Дорушка кивнула утвердительно головою.
– Ловок! – подумал я себе тогда. – А вот как-то ты увернешься от смерти? – пошло ходить у меня в голове; вот-вот-вот схватиться бы за что-нибудь, и не схватишься. И что ж вы скажете? – я до такой степени все это выматывал, что серьезно, ясно и сознательно стал ощущать, что я уж когда-то что-то такое ловил и не поймал, и умер, и опять живу. Умрет кто-нибудь – мне сейчас опять какой-то этакий бледный шар представляется; ловишь его, и вдруг – бац! не поймал, умер и сейчас что-то мне в этом знакомое есть, что я уж это пережил… Я уверен в этом, наконец, бываю! Так не осуждайте же меня, пожалуйста, за Жервезу; я, право, больной человек; мне в тот день так казалось, что нет, нет и нет никакой любви, а, право, это не обезьянничество.
– Ну, хорошо, ну, пусть вам эта вина прощается за ваши недуги; но нынче-с!.. позвольте вас искренно, по душе, по совести просить ответить: чего вы стояли этаким рыцарем и таращили на меня глаза, когда мне захотелось помолиться с Жервезой?
– Я таращился! – нисколько! Я просто смотрел на вас, потому что мне приятно было смотреть на вас, потому что вы необыкновенно как хороши были у этого куста на коленях!
– Пожалуйста, пожалуйста, Нестор Игнатьич! Знаю я вас. Я знаю, что я хороша, и вы мне этим не польстите. И вы тоже ведь очень… этакий интересный Наль, тоскующий о Дамаянти, а, однако, я чувствовала, что там было нужно молиться, и я молилась, а вы… Снял шляпу и сейчас же сконфузился и стал соглядатаем, ммм! ненавистный, нерешительный человек! Отчего вы не молились?

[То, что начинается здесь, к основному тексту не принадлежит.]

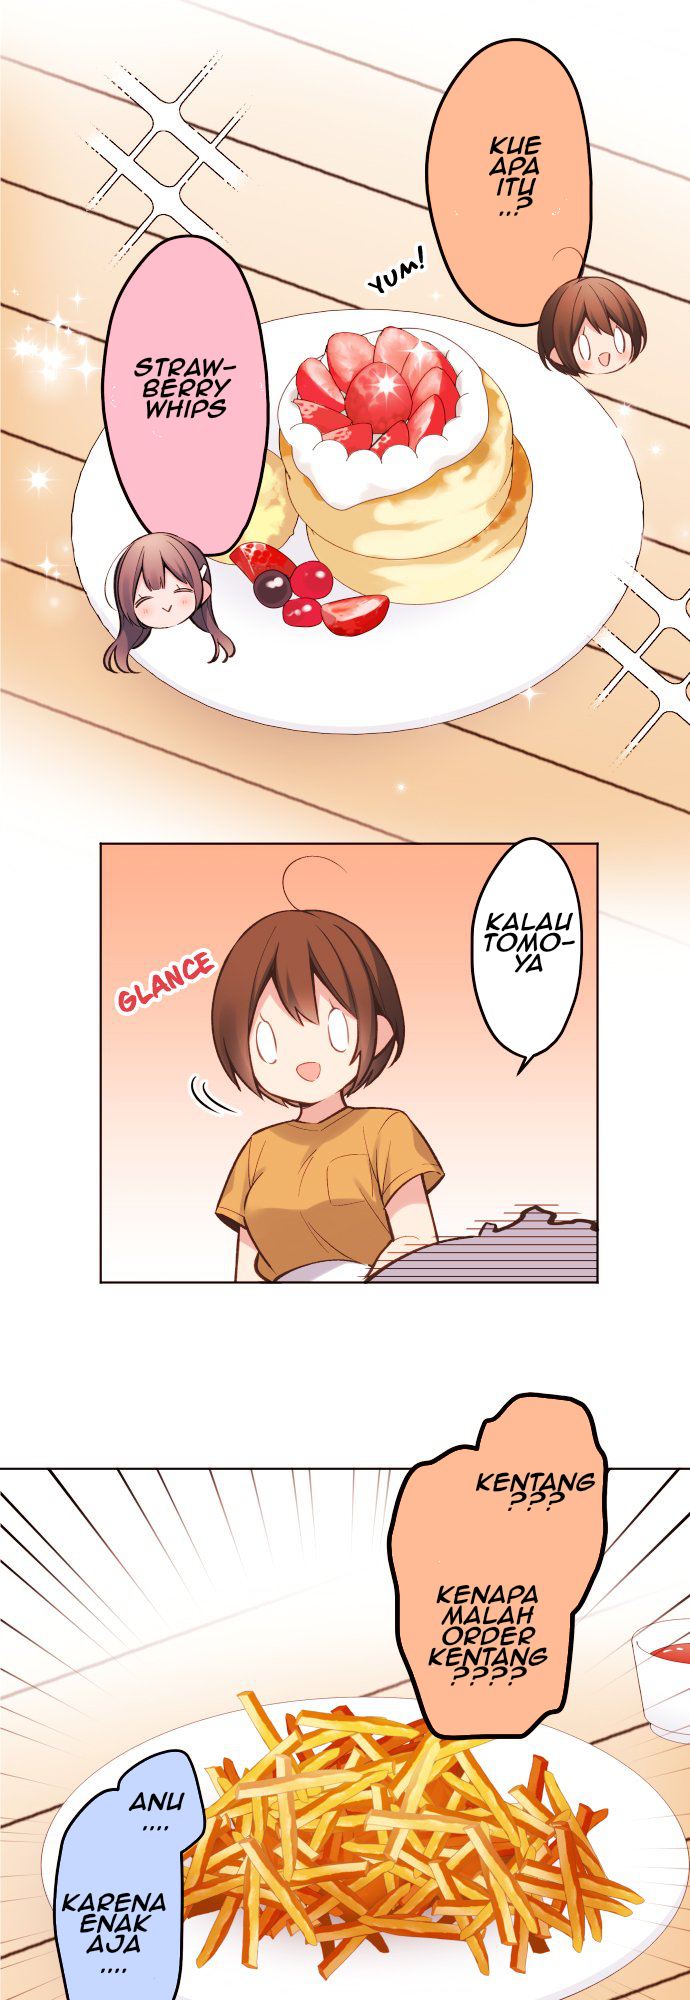 Waka-chan Is Flirty Again Chapter 26

– Ах, Дарья Михайловна, какой вы ребенок! Ну, разве можно задавать такие вопросы? Ведь на это вам только Шпандорчук с Вырвичем и ответили бы, потому что у тех уж все это вперед решено.
– А у вас, мой милый, ничего не решено?
– По крайней мере, очень многое. – Да вы, пожалуйста, не думайте, что решимость это уж такая высокая добродетель, что все остальное перед нею прах и суета. Решимостью самою твердою часто обладают и злодеи, и глупцы, и всякие, весьма непостоянные, люди.
– И герои.
– Да, и герои, но героев ведь немного на свете, а односторонних людей, способных решать себе все наоболмашь, гораздо больше. Вы вот теперь даете мне вопрос, касающийся такого предмета, которого обнять-то, уразуметь-то нет силы, и хотите, чтобы я так вот все и решил в нем. Вы знаете моего дядю? Его не одна Москва, а вся Русь знает. Это не был профессор-хлыщ, профессор-чиновник или профессор-фанфарон, а это был настоящий, комплектный ученый и человек, а я вам о нем расскажу вот какой анекдот: был у него в Москве при доме сад старый, густой, прекрасный сад. Дядя работал там летом почти по целым дням: подсаживал там деревца, колеровал и разные, знаете, такие штуки делал. Я спал в этом саду в беседке. Только один раз как-то очень рано я проснулся. Дело было перед последним моим экзаменом Я сел на порожке и читаю; вдруг, вижу я, за куртиной дядя стоит в своем белом парусинном халате на коленях и жарко молится: поднимет к небу руки, плачет, упаде! в траву лицом и опять молится, молится без конца Я очень любил дядю и очень ему верил и верю. Когда он перестал молиться и начал что-то вертеть около какого-то прививка, я встал с порожка и подошел к нему. На дворе было самое раннее утро и, кроме нас да птиц, в саду никого не было. Не помню, как мы там с ним о чем начали разговаривать, только знаю, что я тогда и спросил его. что как он, занимаясь до старости науками историческими, естественными и богословскими, до чего дошел, до какой степени уяснил себе из этих наук вопрос о божестве, о душе, о творении? Напоминаю вам, что утро было самое раннее, из-за каменных стен в большом саду нас никто не мог ни видеть, ни слышать, разве кроме птичек, которые порхали по деревьям. Так старик-то мой-с несколько раз оглянулся во все стороны, сложил вот так трубочкой свои руки, да вот так поднес их к моему уху и чуть слышно шепнул мне:
– Ни до чего не дошел. Говорю ему:
– А как же вы относитесь… называю, знаете, ему две крайние-то партии.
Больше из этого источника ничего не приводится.